The command preprocess the training and evaluation dataset using basic text preprocessings including converting lowercase, normalization, removing punctuation, and write the results into files named preprocessed.txt and preprocessed_dev_clean.txt for training and evaluation correspondingly. In both preprocessed.txt and preprocessed_dev_clean.txt files, each preprocessed sentence corresponds to a new line.


Training / Fine-tuning#

Training a model using TAO Toolkit is as simple as configuring your spec file and running the train command. The following code uses the train.yaml spec file available to you as reference. The spec file configurations can easily be overridden using the tao-launcher CLI. For example, below we override model.order, model.pruning and training_ds.data_file configurations to suit our needs.

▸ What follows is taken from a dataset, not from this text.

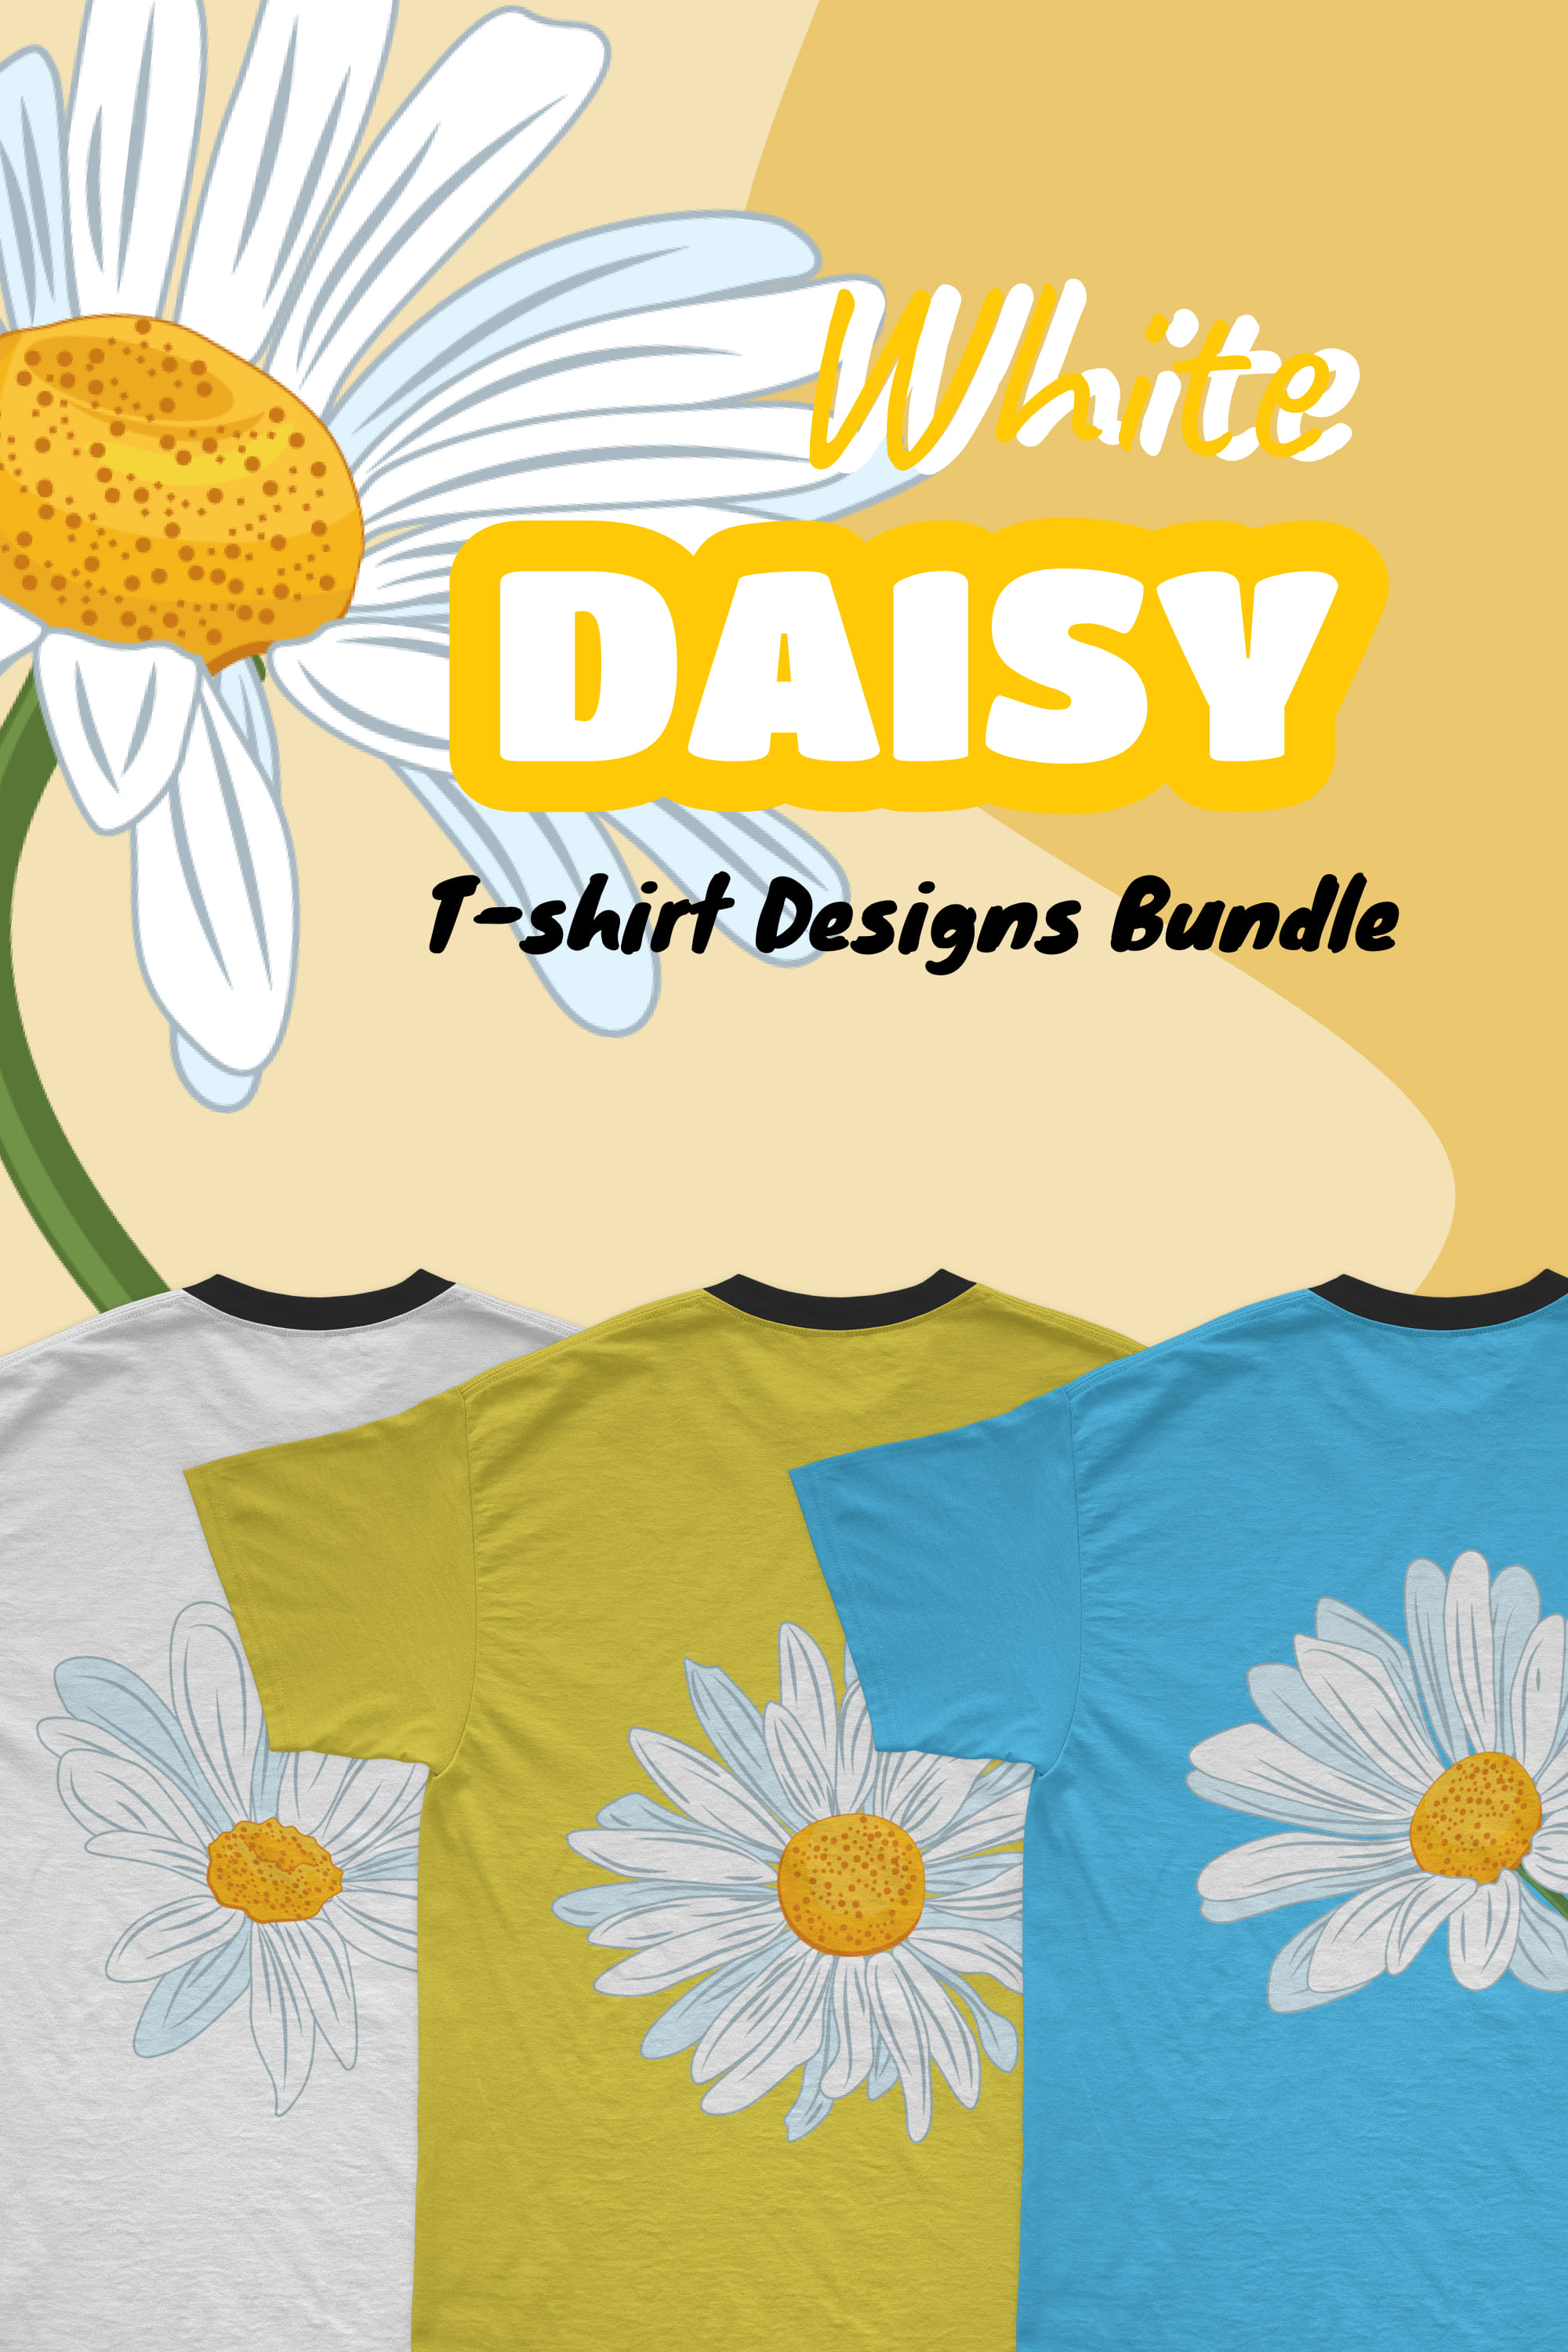 White Daisy T-shirt Designs Bundle - pinterest image preview.

For training an N-gram language model in TAO Toolkit, we use the tao n_gram train command with the following arguments:

  • -e: Path to the spec file

  • -k: User specified encryption key to use while saving/loading the model

  • -r: Path to a folder where the outputs should be written. Ensure this is mapped in the tlt_mounts.json file.

  • Any overrides to the spec file. For example, model.order.

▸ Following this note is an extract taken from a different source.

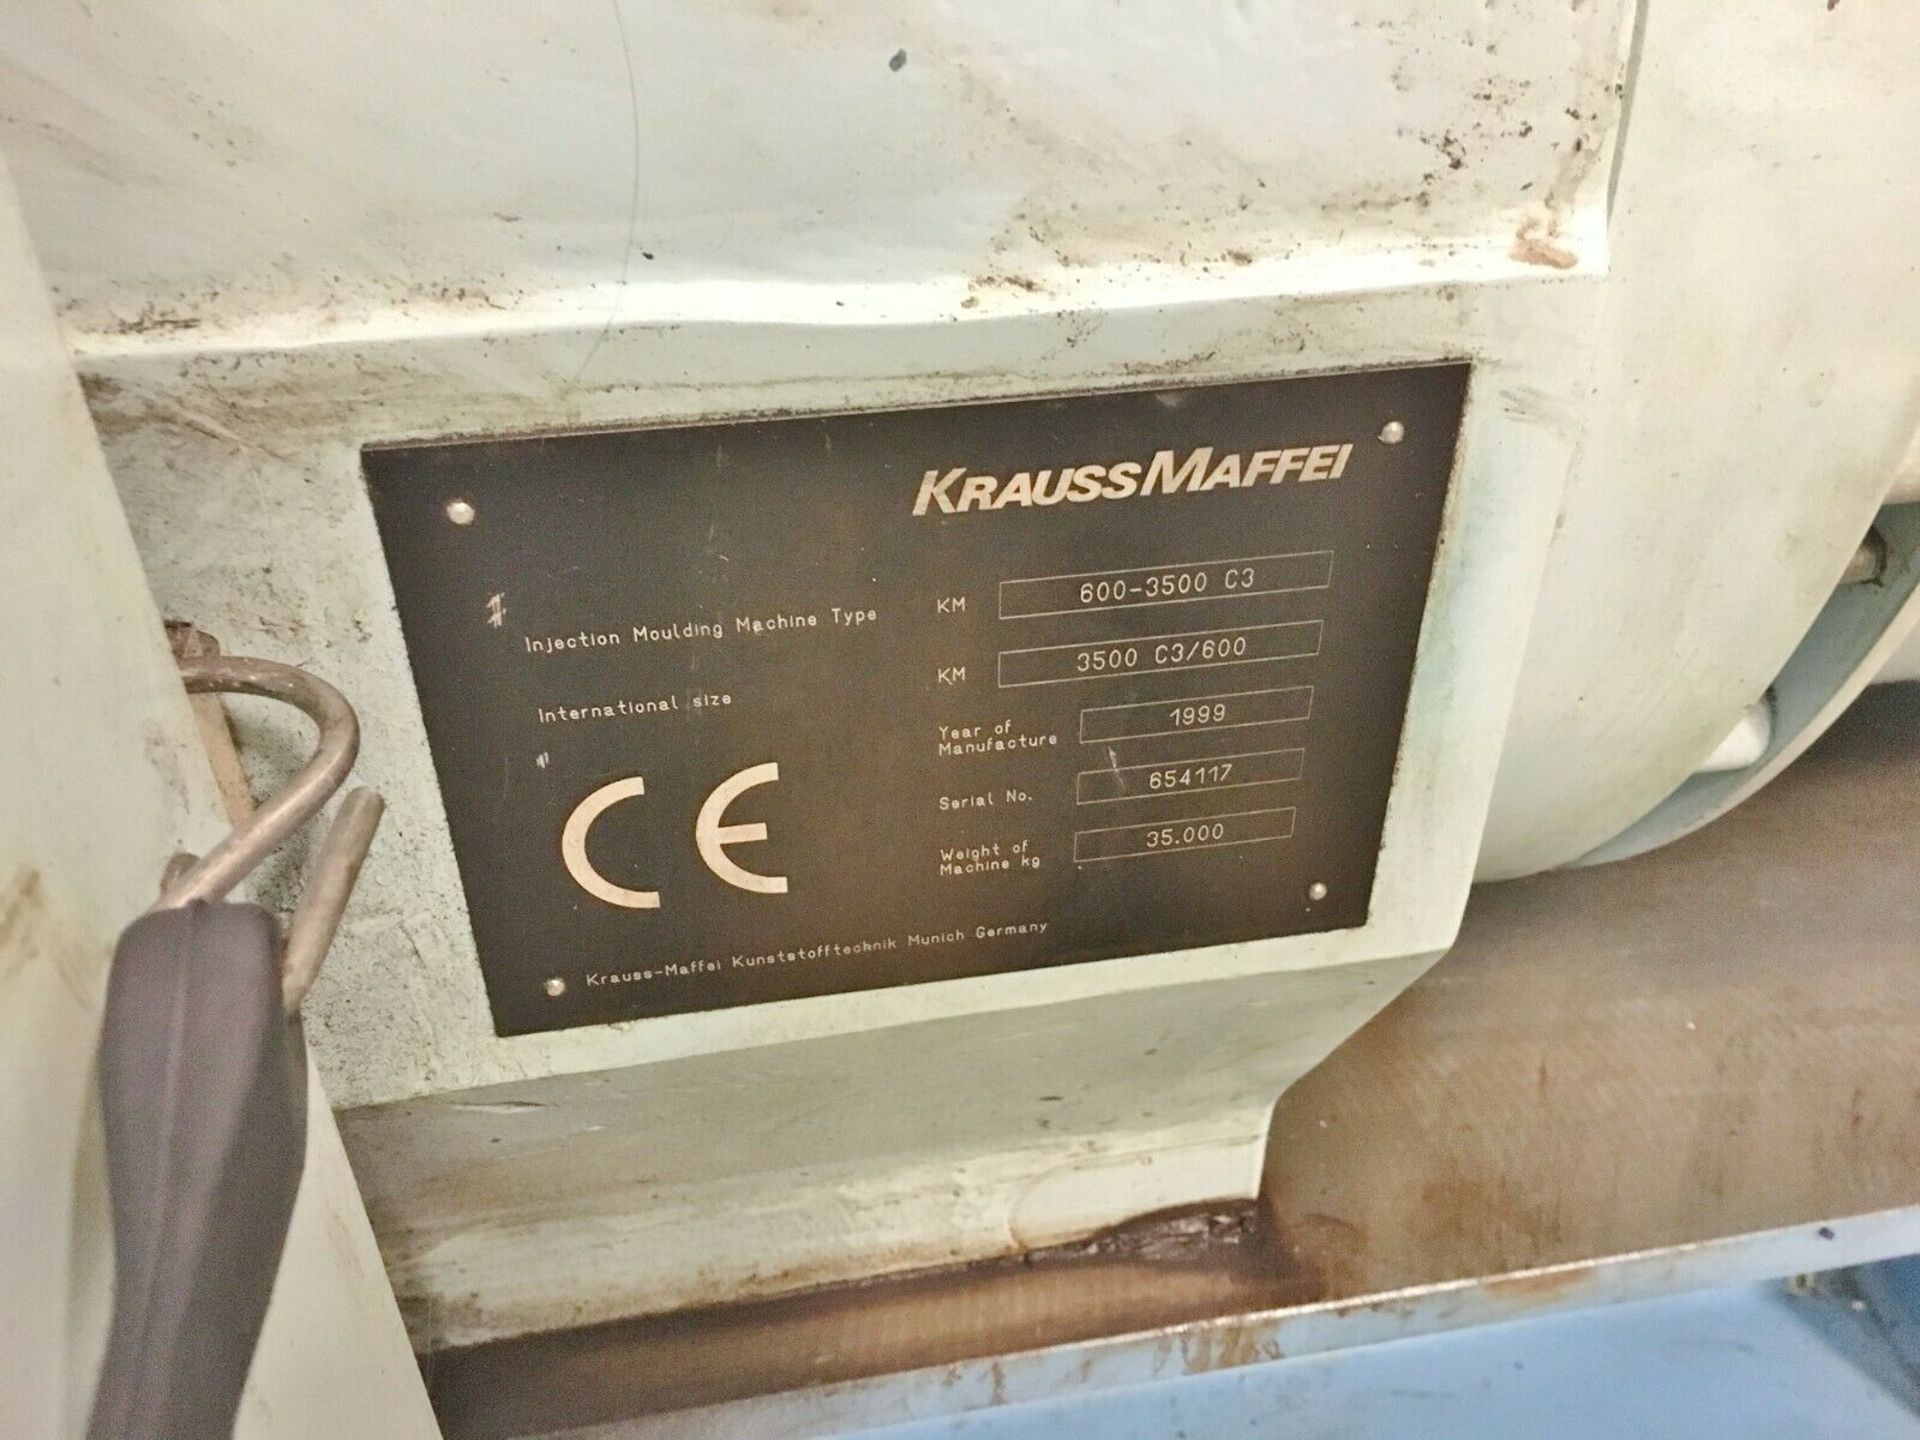 Krauss Maffei 600-3500 C3 Injection Molding Machine 1999 - Image 3 of 4

For more information about these arguments, refer to the TAO Toolkit Getting Started Guide.
Note: All file paths correspond to the destination mounted directory that is visible in the TAO Toolkit docker container used in backend.

!tao n_gram train \
            -e $SPECS_DIR/train.yaml \
            -r $RESULTS_DIR/train \
            training_ds.data_file=$DATA_DIR/preprocessed.txt \
            model.order=3 \
            model.pruning=[0,0,1]

The train command produces three files called train_n_gram.arpa, train_n_gram.vocab and train_n_gram.kenlm_intermediate saved at $RESULTS_DIR/train/checkpoints.


Evaluation#

The evaluation spec .yaml is as simple as:

# Name of the `.arpa` or `.binary` file where the trained model will be restored from.
restore_from: ???

test_ds:
  data_file: ???
  
!tao n_gram evaluate \
     -e $SPECS_DIR/evaluate.yaml \
     -r $RESULTS_DIR/evaluate \
     restore_from=$RESULTS_DIR/train/checkpoints/train_n_gram.arpa \
     test_ds.data_file=$DATA_DIR/preprocessed_dev_clean.txt

The output of the evaluation gives us the perplexity of the N-gram language model on the evaluation (LibriSpeech dev-clean) dataset.


Inference#

Inference using a trained .arpa or .binary model uses the tao n_gram infer command.
The infer.yaml is also very simple, and we can directly give inputs for the model to run inference.

# "Simulate" user input:
input_batch:
  - 'set alarm for seven thirty am'
  - 'lower volume by fifty percent'
  - 'what is my schedule for tomorrow'

restore_from: ???

Try out your own inputs as an exercise.

!tao n_gram infer \
            -e $SPECS_DIR/infer.yaml \
            -r $RESULTS_DIR/infer \
            restore_from=$RESULTS_DIR/train/checkpoints/train_n_gram.arpa

This command returns the log likelihood, perplexity, and all n-grams for each of the input sequences that users provided.


Export to Riva#

With TAO Toolkit, you can also export your model in a format that can deployed using NVIDIA Riva, a highly performant application framework for multi-modal conversational AI services using GPUs. The export command will convert the trained language model from .arpa to .binary with the option of quantizing the model binary. We will set export_format in the spec file to RIVA to create a .riva file which will contain the language model binary and its corresponding vocabulary.

!tao n_gram export \
            -e $SPECS_DIR/export.yaml \
            -r $RESULTS_DIR/export \
            export_format=RIVA \
            export_to=exported-model.riva \
            restore_from=$RESULTS_DIR/train/checkpoints/train_n_gram.arpa \
            binary_type=trie \
            binary_q_bits=8 \
            binary_b_bits=7 \
            binary_a_bits=256
            

The model is exported as exported-model.riva which is in a format suited for deployment in Riva.


What’s Next?#

You could use TAO Toolkit to build custom models for your own applications, or you could deploy the custom model to NVIDIA Riva.